1001Philosophers

Cicero 106 BC – 43 BC

Marcus Tullius Cicero was a Roman statesman, orator, lawyer, and philosopher of the late Roman Republic, who served as consul in 63 BC and was murdered in 43 BC during the proscriptions of the Second Triumvirate. His philosophical writings, composed largely in the last years of his life, transmitted the major schools of Hellenistic philosophy to the Latin-speaking world and coined much of the Latin philosophical vocabulary subsequently inherited by medieval and modern European thought. Major works include On Duties, On the Nature of the Gods, the Tusculan Disputations, On Friendship, and On Old Age, all written in the form of dialogues drawing on Stoic, Epicurean, and Academic Skeptic positions. His prose style became the standard for classical Latin and shaped European education for nearly two thousand years.
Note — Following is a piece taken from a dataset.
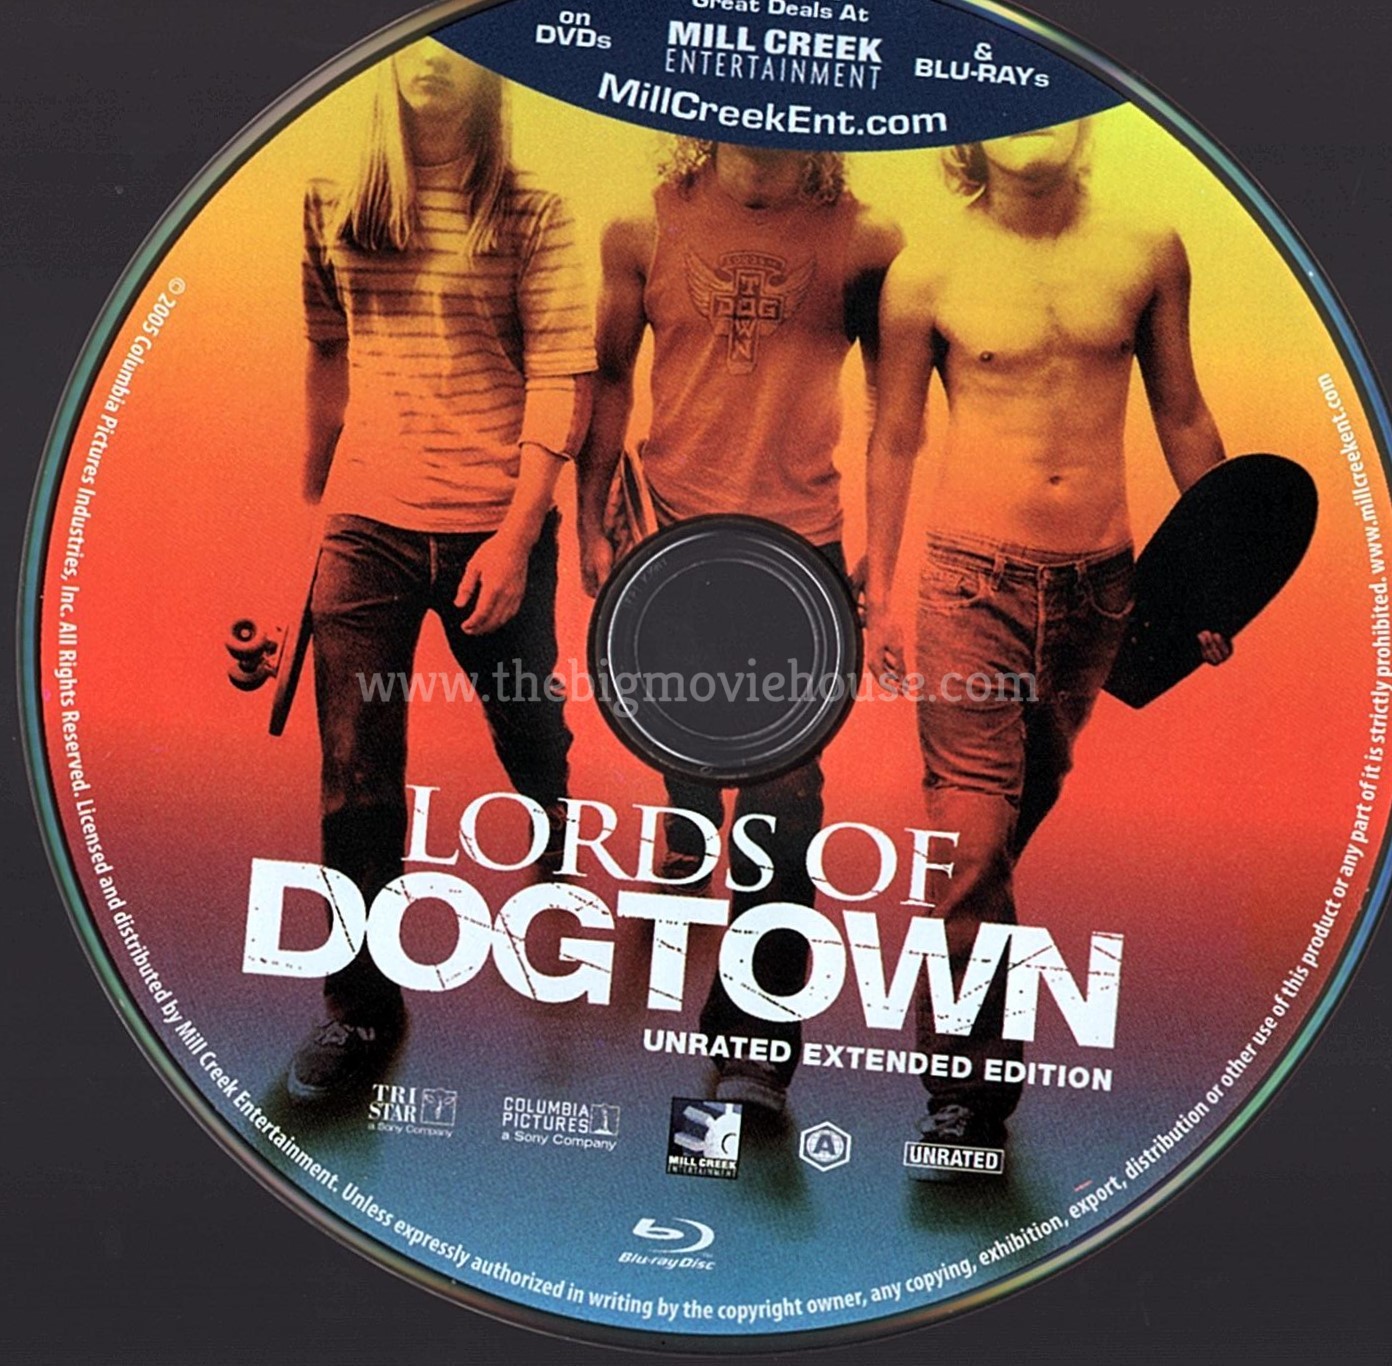 Lords of Dogtown Blu-ray review
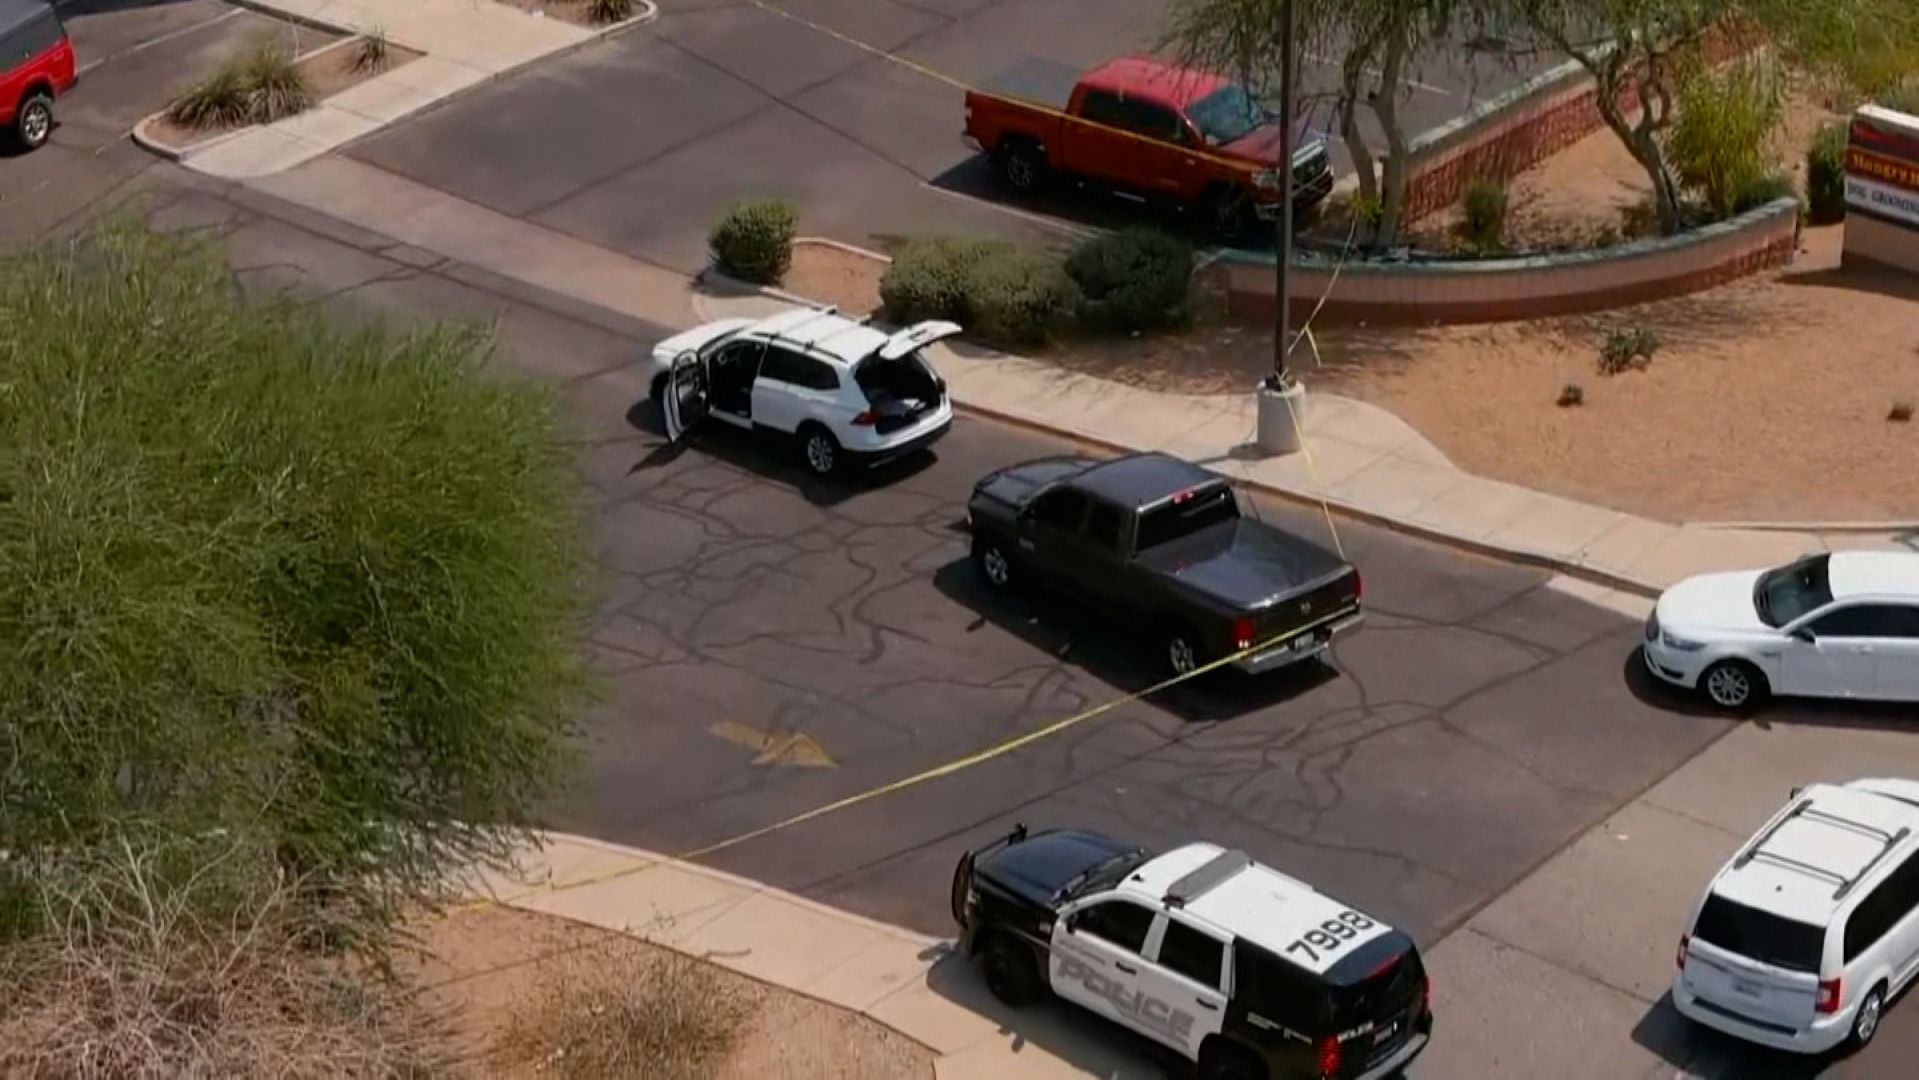 CNN affiliate KPHO/KTVK aerial video shows a white SUV the station reported was the suspect's vehicle.

His political ideas profoundly influenced the founders of the American and French republics.

Key facts

Nationality
Roman
Era
Ancient
Movements
Stoicism, Hellenistic

Selected quotes

  • Attributed to Cicero:

    “If you have a garden and a library, you have everything you need.”

  • Attributed to Cicero:

    “The life of the dead is placed in the memory of the living.”

  • Attributed to Cicero:

    “While there's life, there's hope.”

  • Attributed to Cicero:

    “Friendship makes prosperity more shining and lessens adversity by dividing and sharing it.”

  • Attributed to Cicero:

    “Justice consists in doing no injury to men; decency in giving them no offence.”